Last Wednesday, Hoover Institute fellow Fouad Ajami criticized how some diplomats and journalists have “… isolated the nuclear issue from the broader context of Iran’s behavior in the region.” On the same day Washington Institute fellow Matthew Levitt described three decades of Iranian terrorism, including terrorism targeting American overseas and on U.S. soil.
For his part Iranian President Hassan Rouhani has explicitly vowed to deepen Iran’s commitment to its Lebanese terror proxy Hezbollah. His cabinet choices align well with that commitment. The sitting defense minister, Brig. Gen. Hossein Dehghan, was directing what would become Hezbollah on behalf of Tehran when the U.S. Marine barracks in Lebanon were attacked.

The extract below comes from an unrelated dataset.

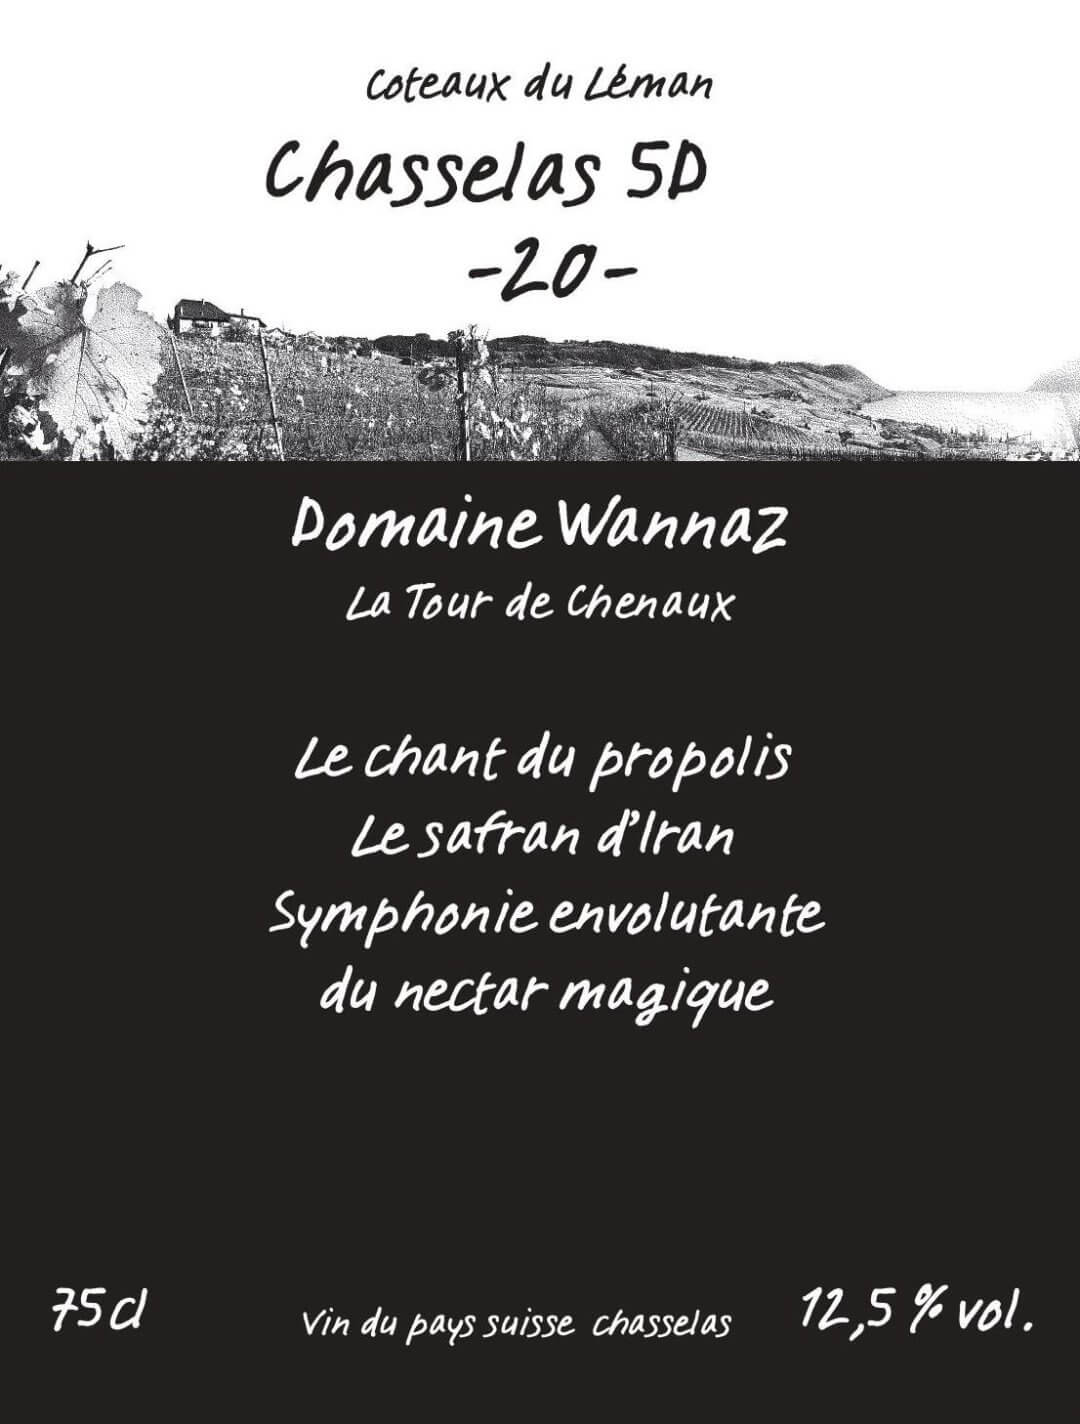 Chasselas 5D -20- (disponible prochainement)

Col. Tim Geraghty, who commanded the peacekeeping force that was targeted, notes that in this respect there’s a direct line between Rouhani’s defense pick and the ones of his predecessor Ahmadinejad:
That includes current leadership in Tehran. Retired Col. Tim Geraghty, who commanded the international peacekeeping mission and the 24th Marine Amphibious Unit that lost 220 Marines that day, said Brig. Gen. Hossein Dehghan, the new Iranian defense minister, is the former Iranian Revolutionary Guard commander who helped oversee the attack.
Geraghty spoke at a remembrance ceremony at Camp Lejeune in Jacksonville, N.C., on Wednesday. “The past three Iranian ministers of defense, including the current one selected a few months ago, all have peacekeepers’ blood on their hands and are leading the Iranian lockstep march for the acquisition of nuclear weapons,” Geraghty said.
Dehghan’s immediate predecessor was Ahmad Vahidi, who is a top official in the IRGC’s foreign terrorism-oriented Quds Force. He is also wanted by Interpol for links to the 1994 AMIA bombing in Argentina. Vahidi’s predecessor Mostafa Mohammad-Najjar was a top IRGC figure operating in Lebanon during the 1983 account.